Normally, I could mount NFS on the docker host and provide those as volumes to the docker containers. I’m using a variety of 3rd party containers and that just works.
I’ve looked at doing this on BalenaOS but it doesn’t have NFS support in the kernel.
I tried out the balena-nfs pattern using the 3rd party containers as a starting point but there are different base OS involved so I’ve got a mess of different package managers to sort in my sidecar container and I’m messing with the 3rd party container provided orchestration layer so it’s a lot.
So, unless I’m missing something, it seems like the right step forward is to build my own BalenaOS kernel.

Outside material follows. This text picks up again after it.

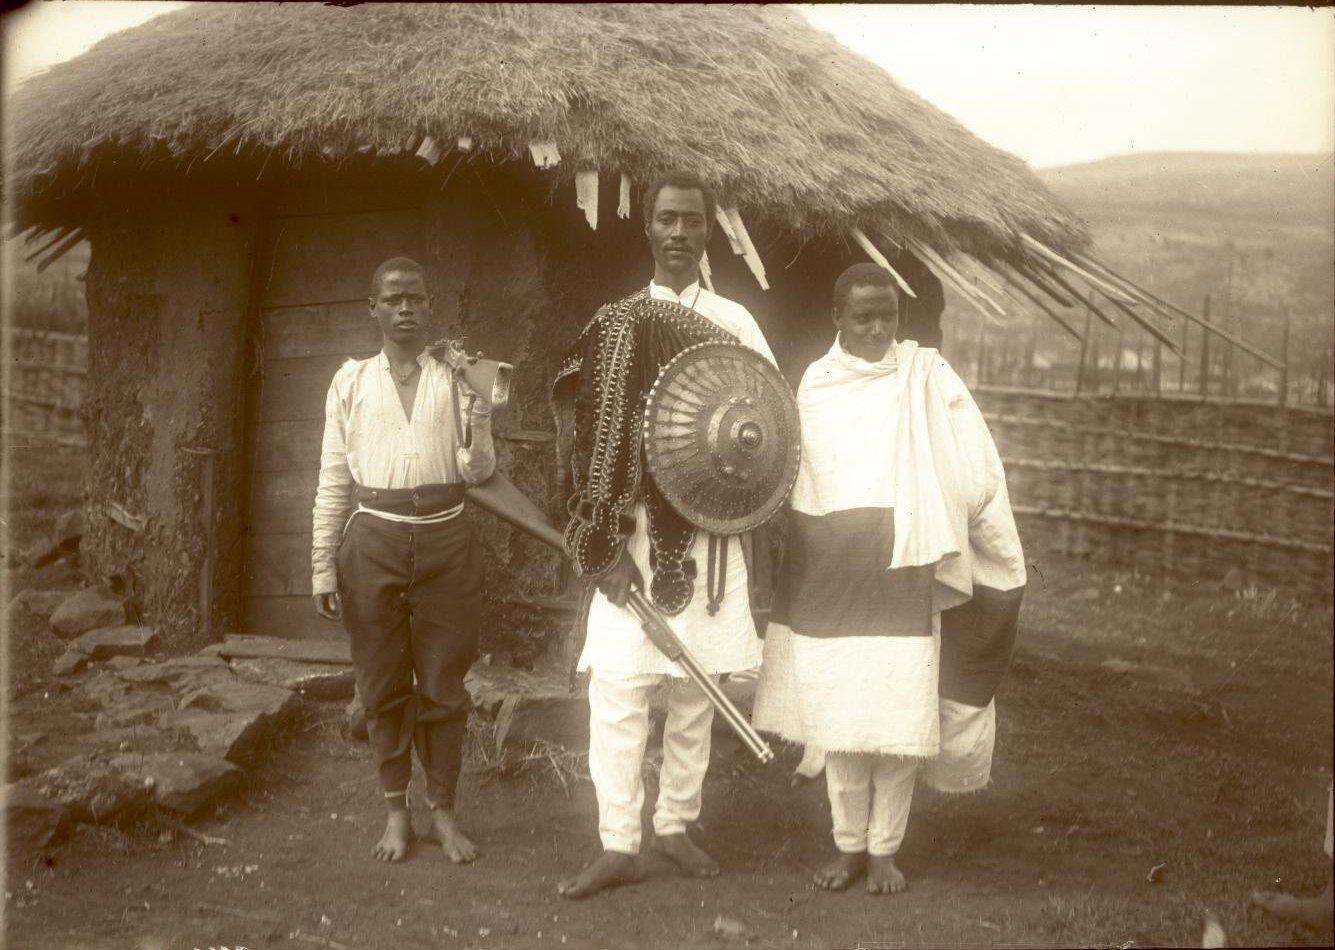 371. 1899. Абиссиния, Аддис-Абеба. Господин Гано с ашкером (солдатом)

@Mikhail, @Laird, I understand the friction, and have been giving some thought to how best to overcome the need for the NFS mounts in the first place. It is more difficult than may be expected as any solution entails quite a significant change to the ways of working. What seems most likely is including a label in containers that allows a bind mount to an empty folder, and from that bind mount we should be able to pass mounts between containers. Adding labels though isn’t something we take lightly, once they are added, they are hard for us to then change direction later, and mount naming is also a challenge. Moreover, I haven’t yet got around to testing this theoretical option to be able to start bringing in all the other devs on a brainstorm around it.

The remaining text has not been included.